# enhancing fish colour with light



## illy-d (Nov 6, 2005)

Okay - so the other day I bought a 48" T5 dual light strip for my tank. I had 2 choices, but really only 1 if I wanted to get a light that day... Apparently there is a 'planted' tank strip that comes with a 10,000k bulb & a 6,700k bulb and is great for growing plants... The 2nd option is more for reef tanks and has a 10,000k bulb and a blue actinic bulb. They only had the 'Reef' style strip in stock - obviously you can change the bulbs so I bought the one they had in stock so I wouldn't be starig into a dark tank until the next order came in...

Anyhow the guy told me tha the actinic bulb would actually enhance the fishes colours more then any other bulb - after putting the light on my tank I have to say I don't necessarily agree...

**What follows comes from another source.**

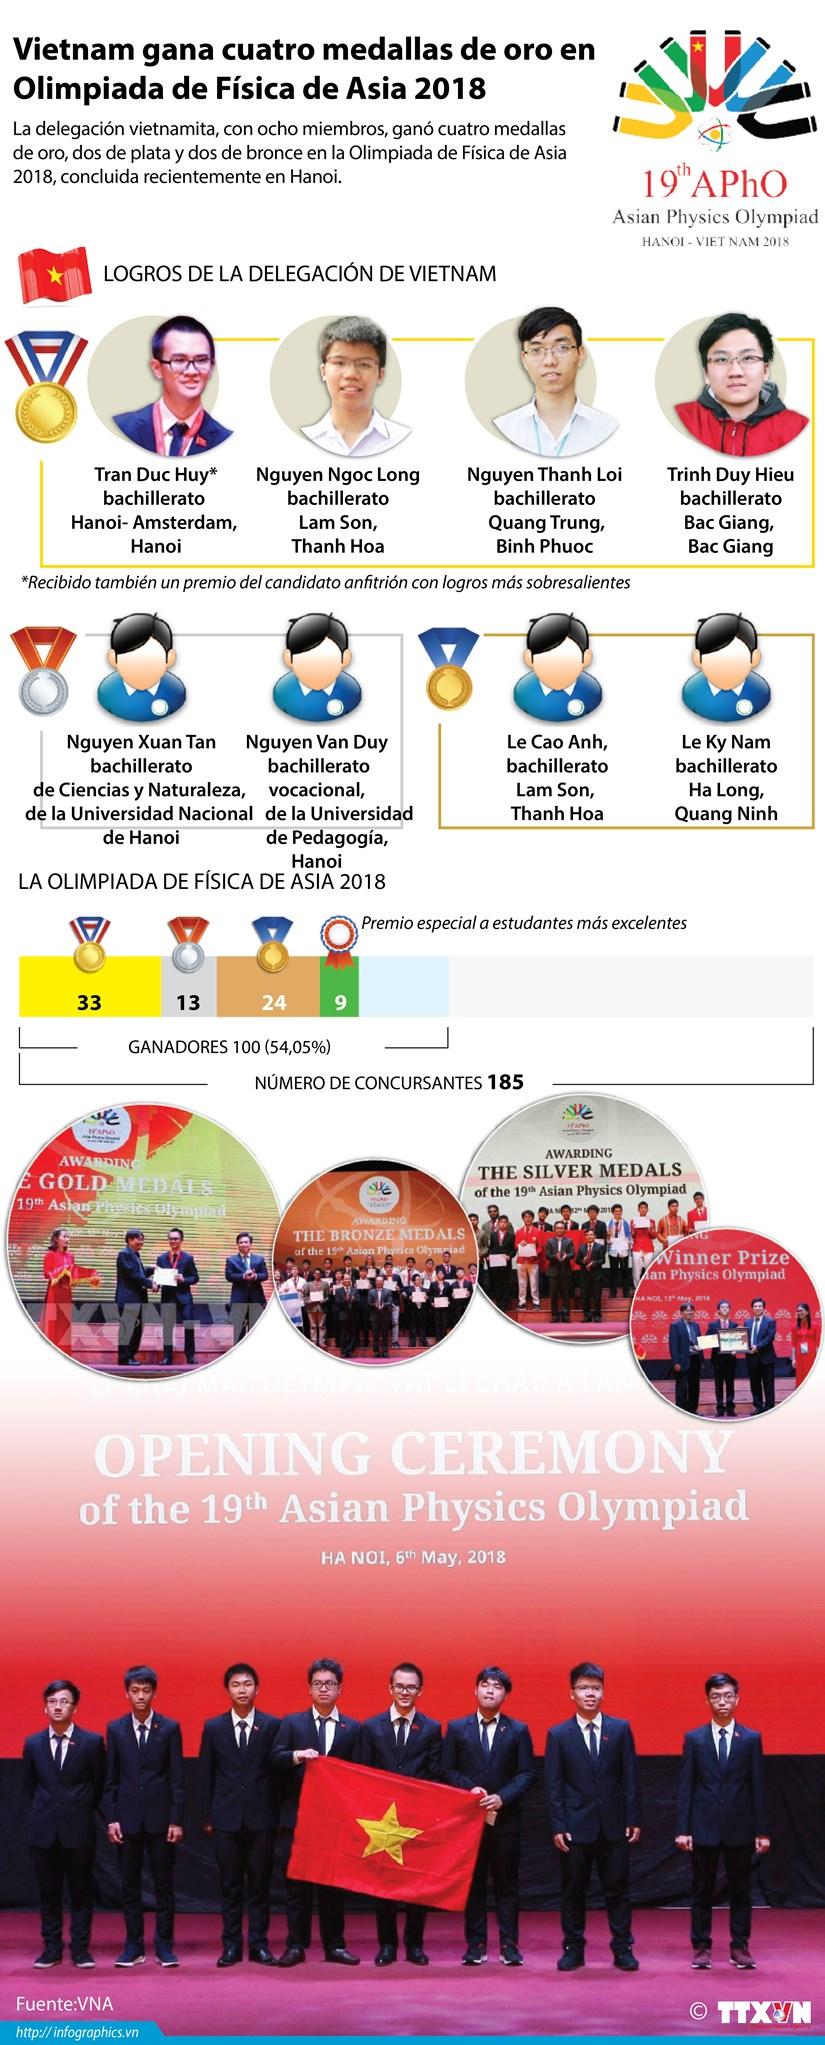 Vietnam gana cuatro medallas de oro en Olimpiada de Fisica de Asia 2018 hinh anh 1

Does anybody know for sure what the best temperature bulb is to bring out the colours of freshwater fish?

Cheers,

Daryl


----------



## 007Rick (Jul 29, 2007)

Living in Thetford Mines our municipal water has a slightly brown tinge to it, with the regular lights emitting sunglow 4200k the water looked brown. I kept one of these lights and replaced the other bulb with Marine glo blue actinic and I love the results. The water looks clearer, the blue, yellow and white fish look great and I haven't seen much wash out in the others. It won't help with plant growth however! It is a matter of opinion and depends on the fish colours, you could buy a sunglo light 4200k (most hardware stores for cheap!) and try it with the actinic or 10000k and see which you like the best


----------



## Carmesi (May 8, 2008)

I just went through this exact thing for the past month. I too have dual t5 lights (Glo) and i went and bought all kinds of bulbs from a fish store here in AZ because they said i could return the ones that i didnt like. So i went through every combination until i found what i loved the most. I also did not like the atinic blue bulb with any mix i tried. It does make the blues pop, but it makes the entire tank blue (especially if you have a white substrate like i do). All my fish looked blue and I hated it. I eventually found a combo of lights that i loved. I bought Glo lights (found at petsmart even) i use a combo Power_glo (10,000K) HO and the life-Glo (6,700K)

Put the Power _glow on the back fixture and the life-glo on the front

the power glo light is white and blue and does wonders for the fish, but is balanced very well with the more yellow/red color of the 6,700K light to make the whole tank pop with color. 
Neither are too overpowering in their color spectrum and complement very well. I could not find a t5 bulb below 5000K (that is what i would suggest with a 10,000K bulb) but the 6700K is still nice.


----------



## brycerb (Dec 23, 2007)

The best combo I have found is three bulbs. A 10,000k / an actinic / and a crappy purpleish bulb. Lights up my 90 gallon better than any other system I have found.


----------



## illy-d (Nov 6, 2005)

Thanks for the replies people! I will try playing around with bulbs first - if I need/want more light later I can always buy a single T5 light strip...

My 'feature' fish are a pair of Nics and they have yellow/red/blue colouration so hopefully I can find a good mix to make all the colours 'Pop'.


----------